WHAT TO PRODUCE:
A faithful transcript of all the lines below, with no pictures, is the goal here.

DATA:
============

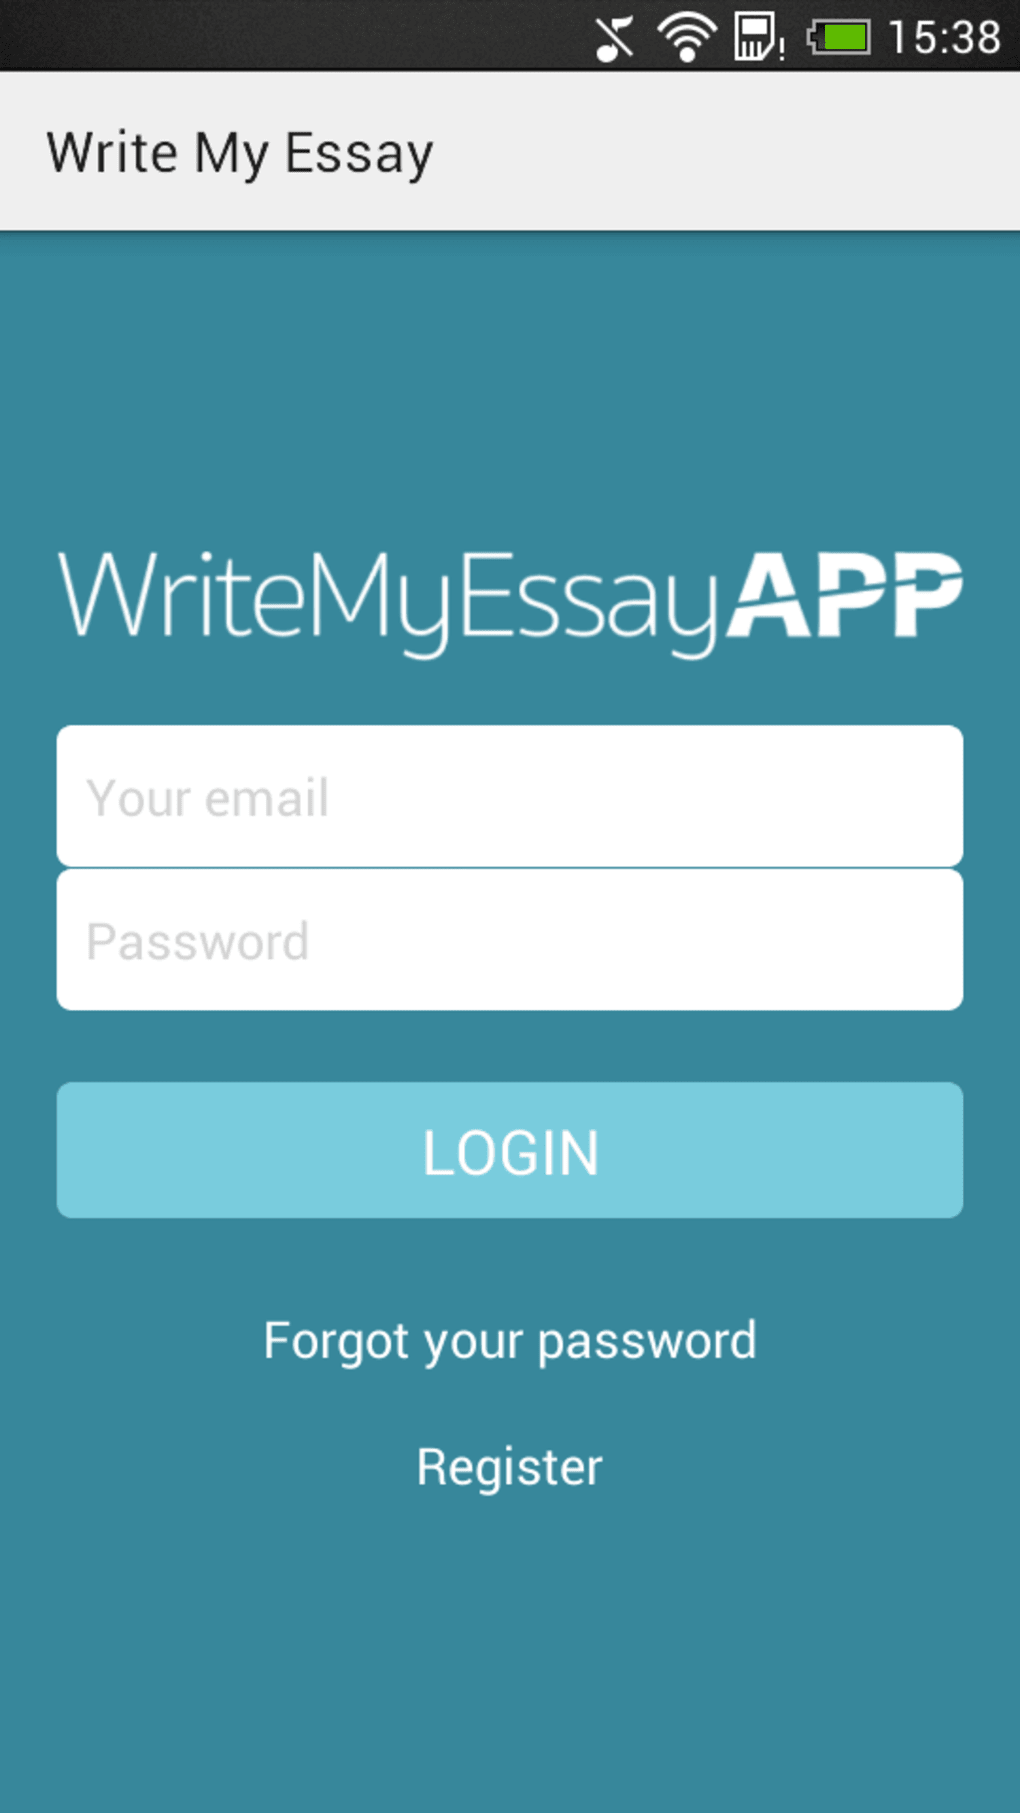 is essay app free
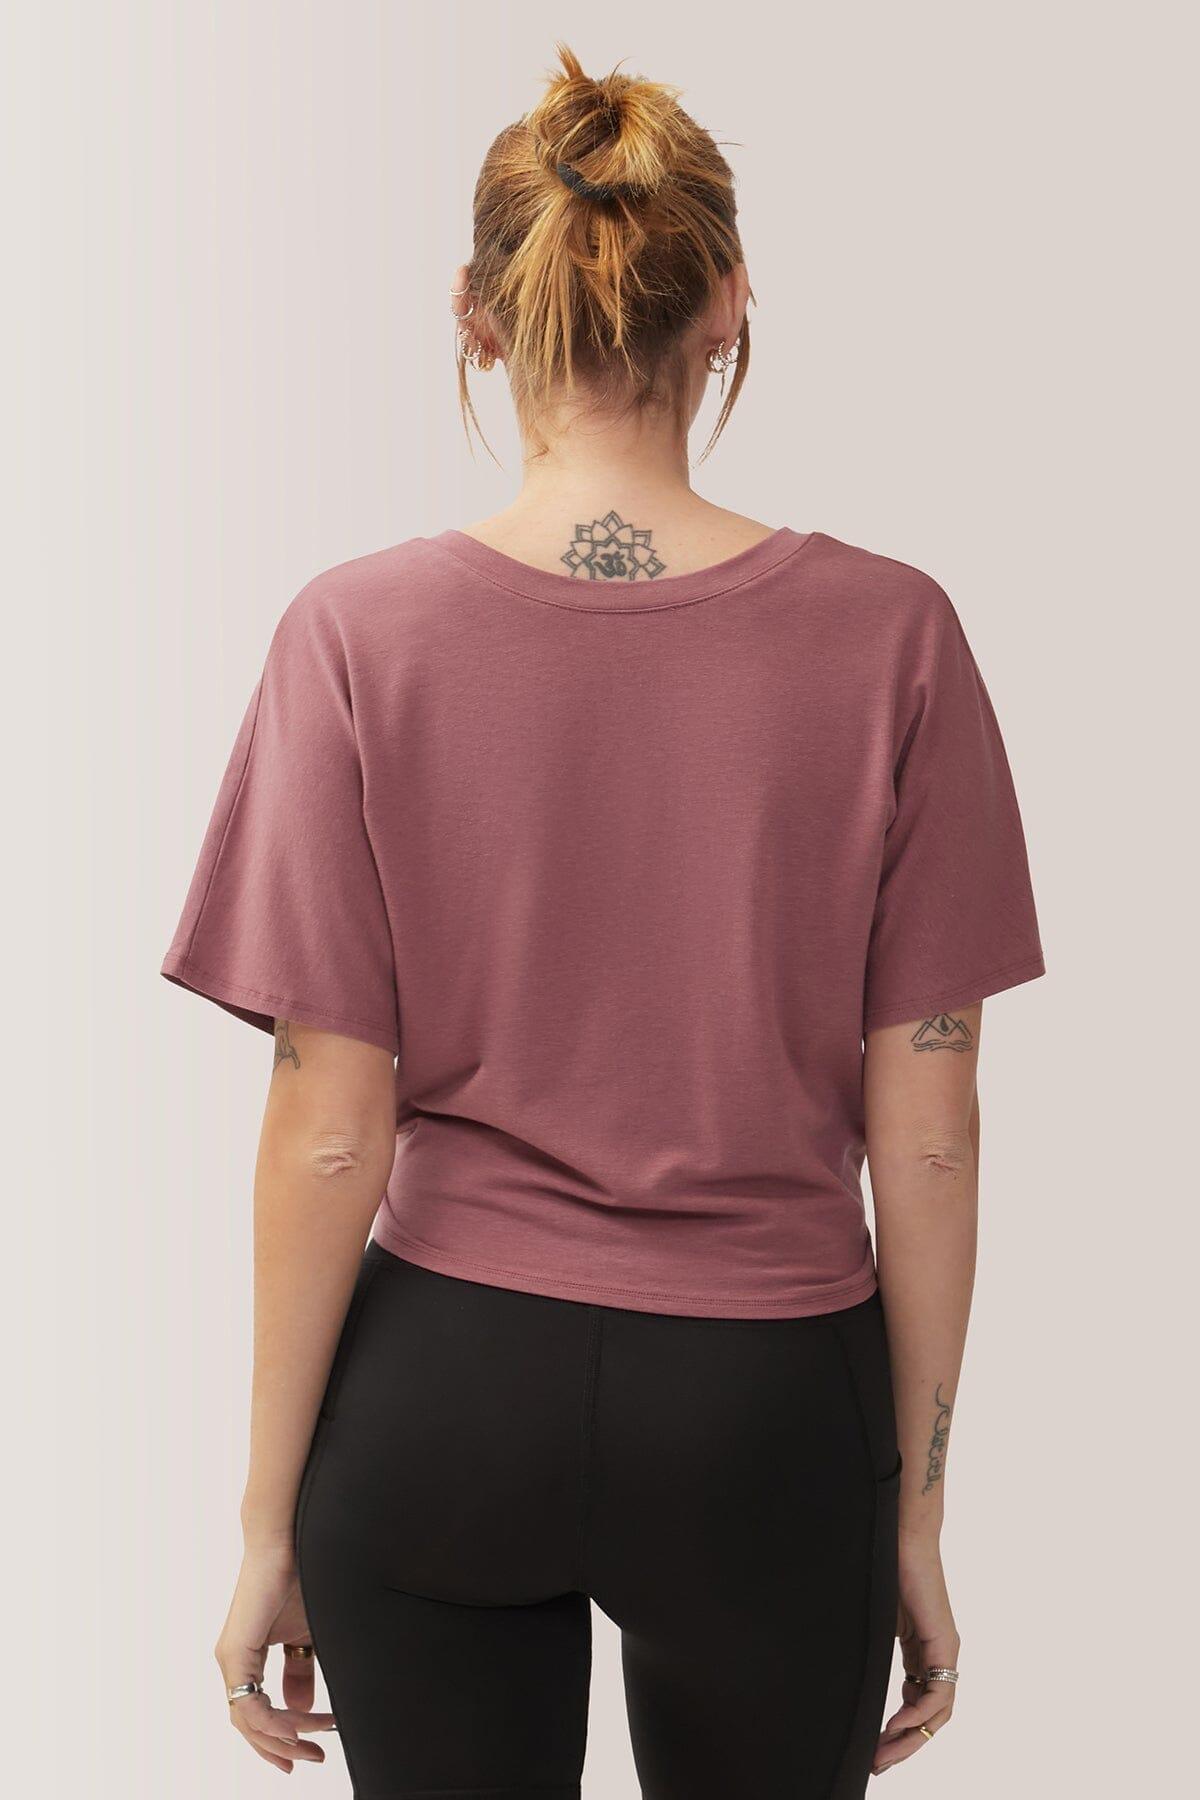 Femme qui porte le t-shirt Jasper de Rose Boreal./ Women wearing the Jasper T-Shirt by Rose Boreal. -Goddess
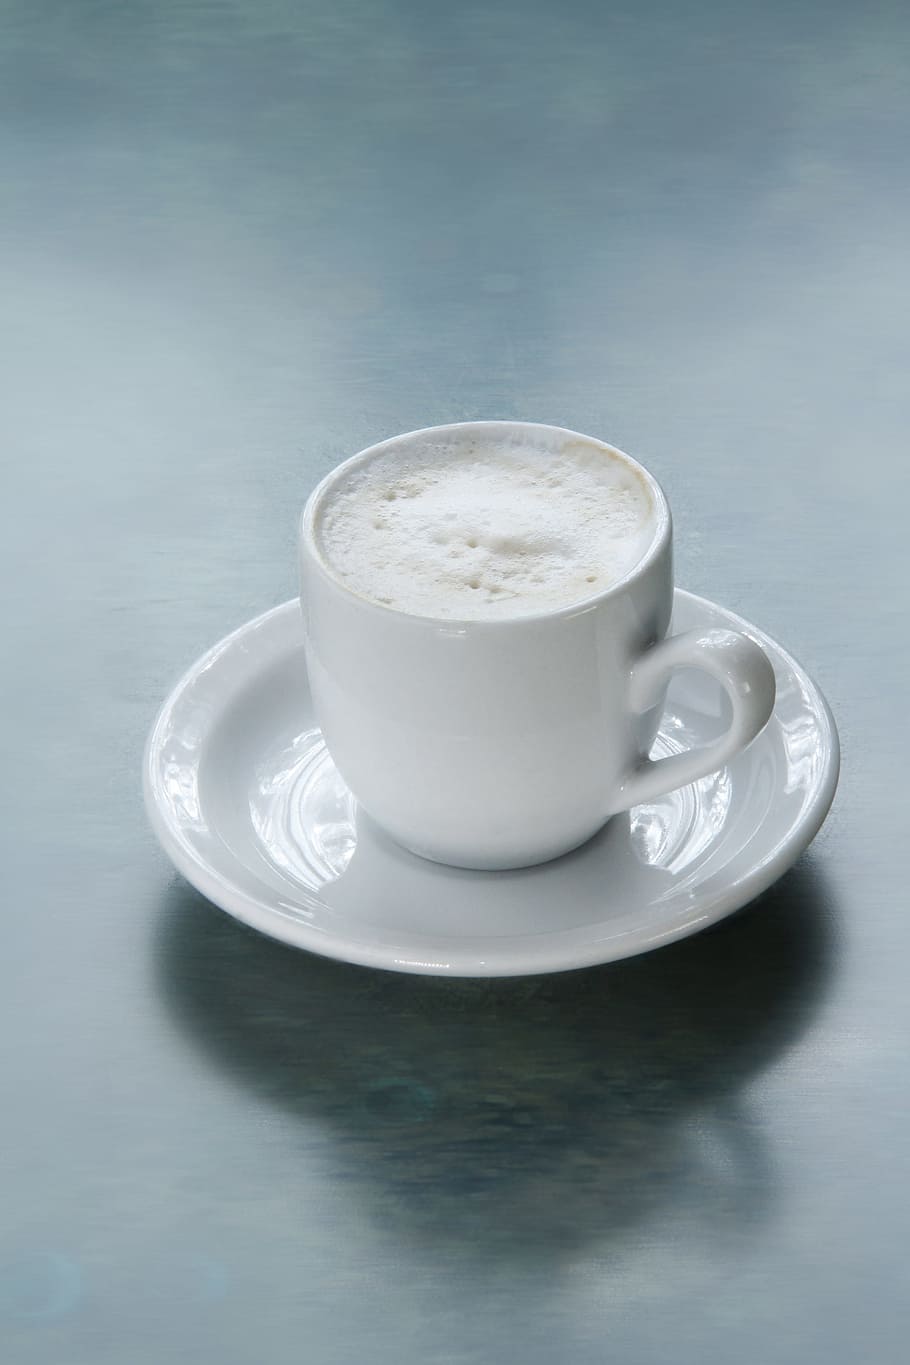 white, ceramic, mug, saucer, Cappuccino, with coffee, cup coffee, coffee brown, coffee, cup

============

RESPONSE AREA:
 is essay app free
 Femme qui porte le t-shirt Jasper de Rose Boreal./ Women wearing the Jasper T-Shirt by Rose Boreal. -Goddess
 white, ceramic, mug, saucer, Cappuccino, with coffee, cup coffee, coffee brown, coffee, cup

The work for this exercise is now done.